O presidente Jair Bolsonaro (PSL) postou uma mensagem de solidariedade ao MC Reaça, que espancou uma mulher grávida e se matou, nesse sábado (1º). A postagem do chefe do Executivo divide opiniões, por conta das agressões sofridas pela mulher, que ainda está hospitalizada.

O funkeiro, apoiador de Bolsonaro e conhecido por compor músicas para o presidente durante sua campanha, foi encontrado morto na Rodovia Dom Pedro I, em Valinhos (SP), na tarde de sábado. O caso foi registrado como “possível suicídio” pela Polícia Civil. O homem teria parado sua moto na altura do km 116 e foi visto por um funcionário da concessionária da estrada com uma corda nas mãos.

De acordo com o jornal O Estado de S. Paulo, antes de morrer, o funkeiro teria espancado uma mulher com quem teria um caso extraconjugal. Ele teria contado que ela estava grávida.

A mulher, de 28 anos, está internada na Unidade de Tratamento Intensivo (UTI) e, segundo o Hospital Augusto de Oliveira Camargo (HAOC), seu estado é estável. Ela aguarda o rosto desinchar para passar por uma cirurgia. Em relação à gestação, nada foi divulgado.

“Tales Volpi, conhecido como MC Reaça, nos deixou no dia de ontem. Tinha o sonho de mudar o país e apostou em meu nome por meio de seu grande talento. Será lembrado pelo dom, pela humildade e por seu amor pelo Brasil. Que Deus o conforte juntamente com seus familiares e amigos”, escreveu o presidente.

Após a postagem de Bolsonaro, diversas pessoas se manifestaram contrárias, e outras favoráveis. Veja a repercussão:

Quem foi MC Reaça?

O funkeiro era um admirador de Jair Bolsonaro e de Olavo de Carvalho. No vídeo de “Olha a opressão”, uma paródia do funk “Olha a explosão”, uma feminista é “curada” após receber um exemplar de “O mínimo que você precisa saber para não ser um idiota”, do escritor. “Vamos distribuir livro do Olavo pra galera”, diz outra paródia, desta vez do funk “Baile de favela”.

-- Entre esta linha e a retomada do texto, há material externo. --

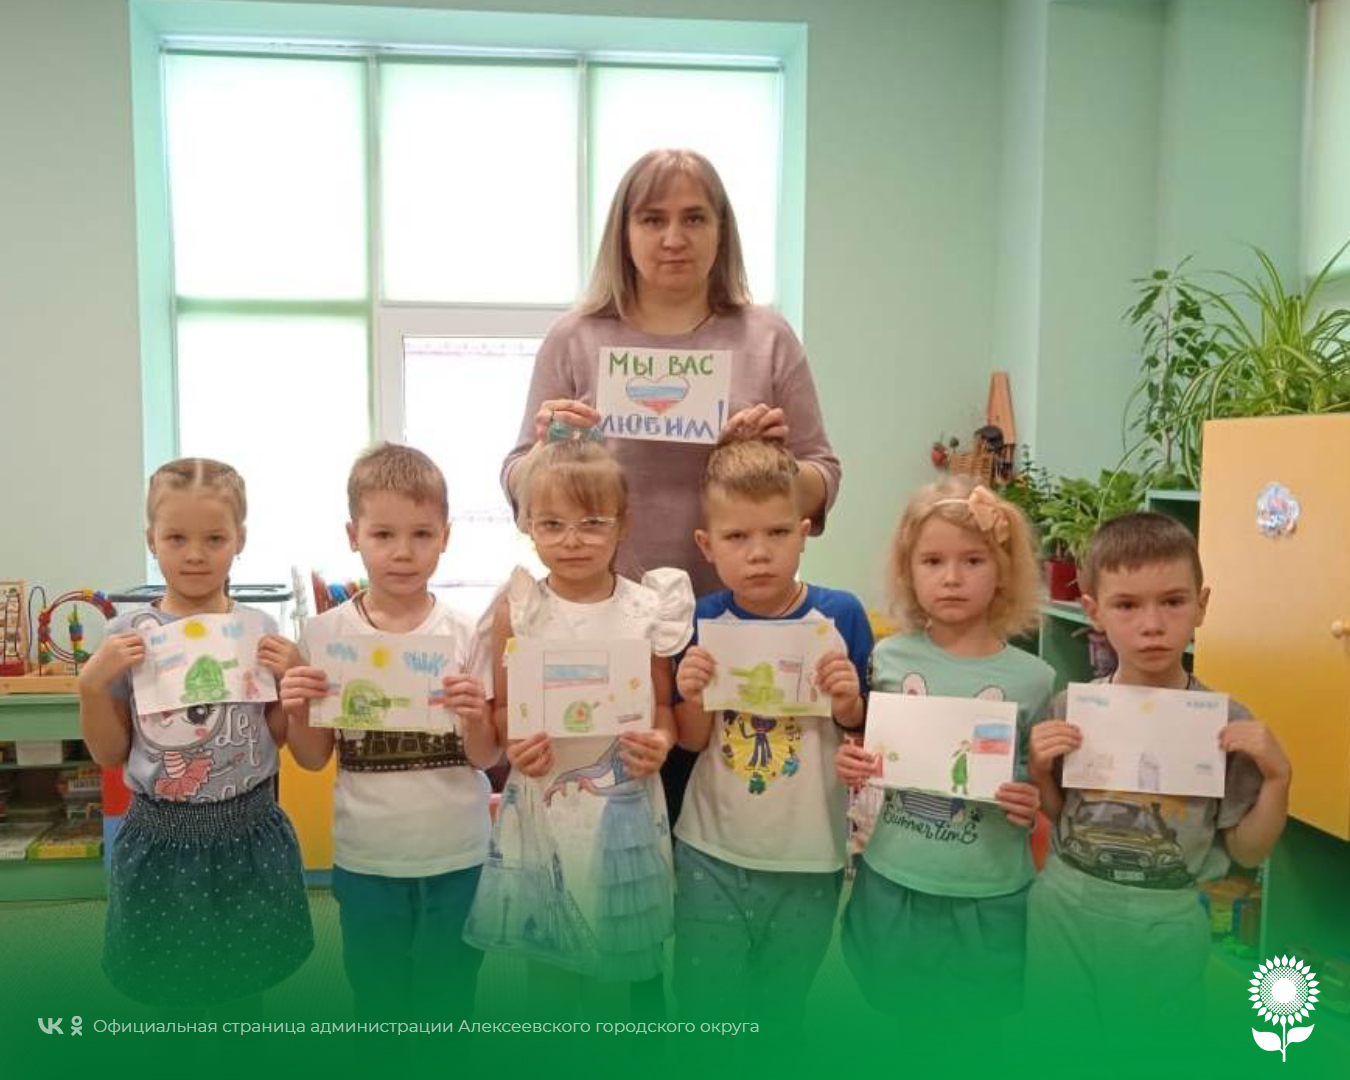 Педагоги и воспитанники детских садов округа приняли участие в волонтерской акции «Своих не бросаем»  по сбору гуманитарной помощи и изготовлению поздравительных открыток для российских военных, участвующих в СВО.

As músicas de funkeiro, que foram publicadas antes da eleição de 2018, com letras agressivas, ajudaram a popularizar ainda mais o presidente, e o termo “mito”, como é chamado por apoiadores. O canal Paródia Reaça conseguiu atingir mais de 26 mil inscritos. Pelo WhatsApp, o conteúdo também foi muito disseminado.